Témoignage supplémentaire de l’appelante

[48] Je suis conscient du fait que l’appelante a témoigné que la Commission lui avait retiré huit semaines de son droit à des prestations. Toutefois, la Commission a fait valoir que le paiement à l’appelante a été retardé de sept semaines au lieu de six semaines parce qu’elle n’était pas disponible du 28 novembre au 13 décembre 2023. Je suis d’accord avec la Commission sur cette question.

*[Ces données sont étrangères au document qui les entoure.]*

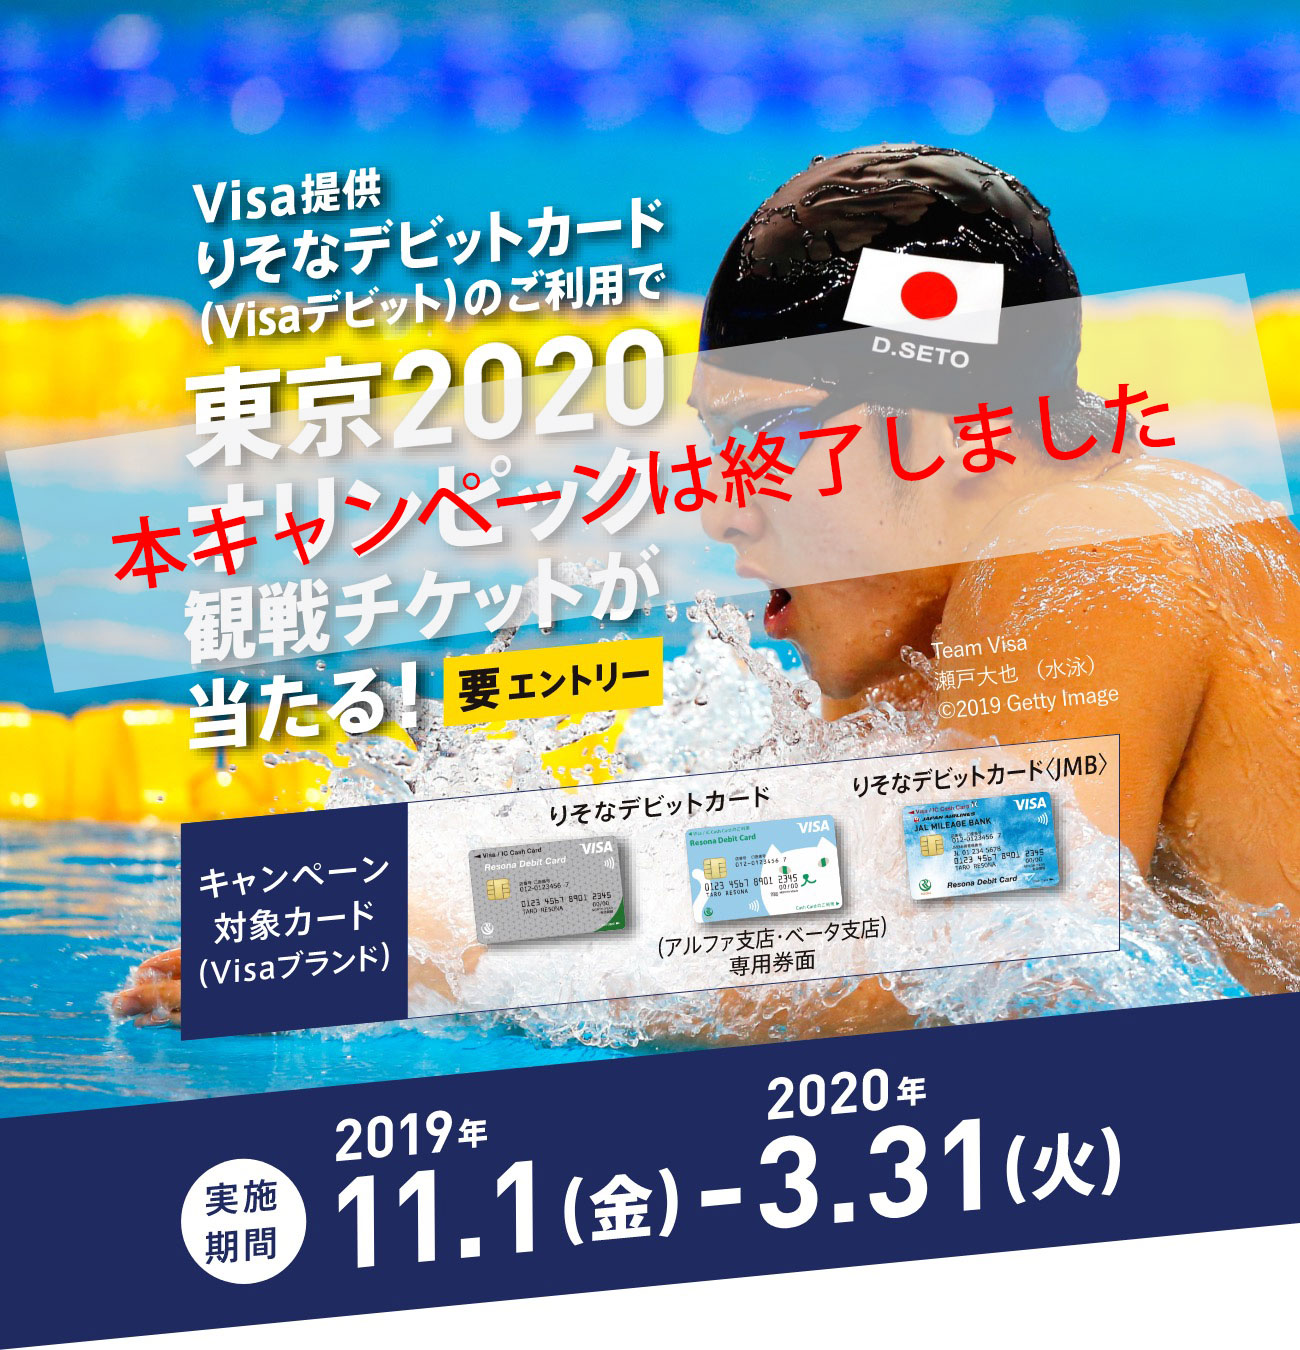 Visa提供りそなデビットカード（Visaデビット）のご利用で東京2020オリンピック観戦チケットが当たる！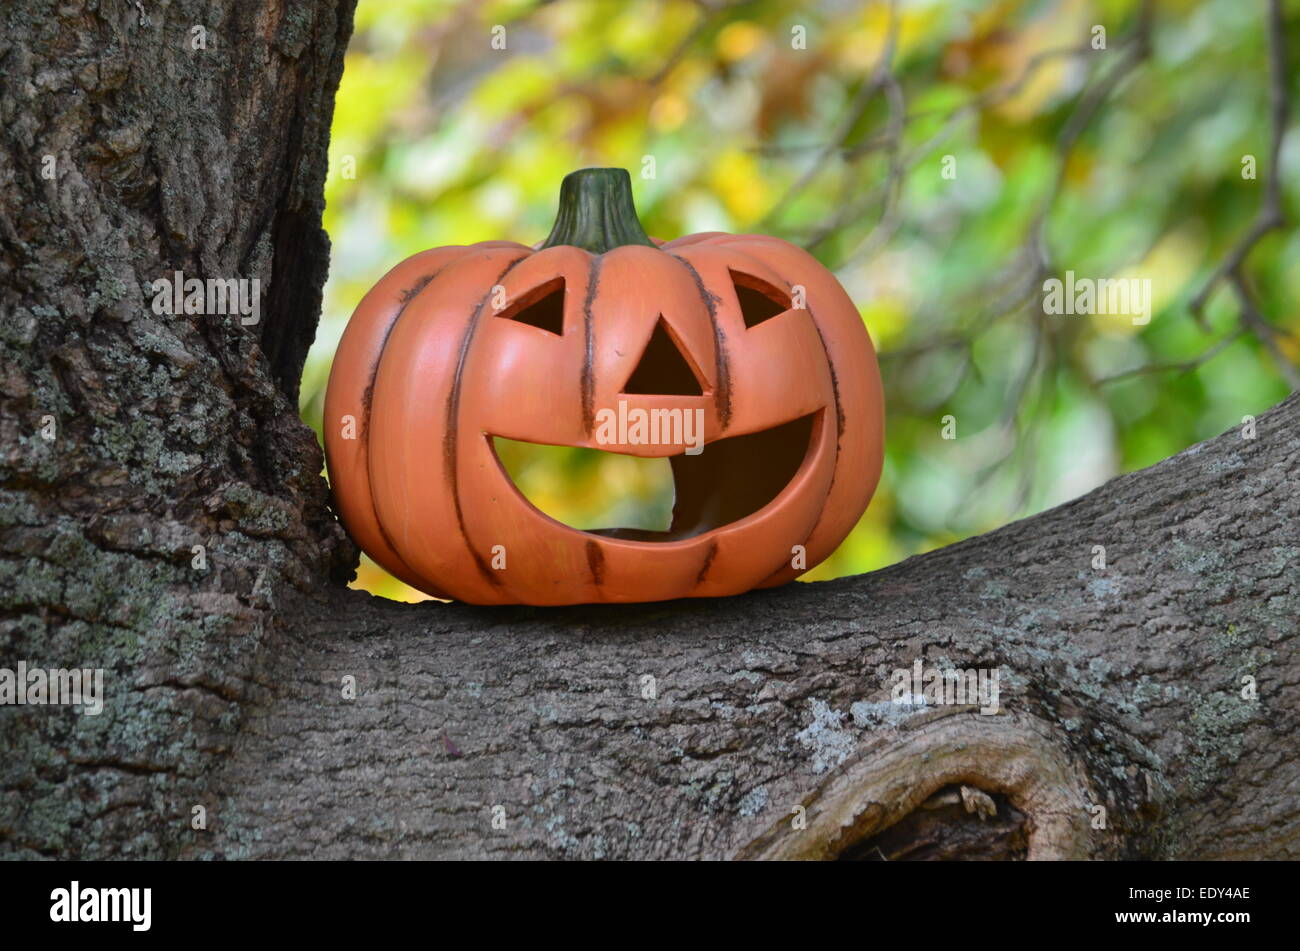 Pumpkin on a tree limb Stock Photo

[49] Enfin, les prestations d’assurance‑emploi de l’appelante ont repris du 21 janvier au 13 avril 2024. Avant cela, l’appelante avait reçu des prestations pour la période du 25 juin au 27 novembre 2023. Sur cette question, je conviens avec la Commission que l’appelante avait épuisé son droit à 38 semaines de prestations régulières d’assuranceemploi.

Conclusion

Première question en litige

[50] L’appelante n’a pas démontré qu’elle était disponible pour travailler au sens de la loi du 28 novembre au 13 décembre 2023. Pour cette raison, je conclus que l’appelante ne peut pas toucher de prestations d’assurance‑emploi pour cette période.

[51] Par conséquent, l’appel est rejeté.

Deuxième question en litige

[52] L’appelante n’a pas démontré qu’elle avait un motif valable de quitter le programme de formation vers lequel elle a été dirigée. Cela signifie qu’elle était visée par une exclusion d’une durée de six semaines du bénéfice des prestations d’assurance‑emploi à compter de la semaine où elles étaient par ailleurs payables, le 10 décembre 2023.

[53] Par conséquent, l’appel est rejeté.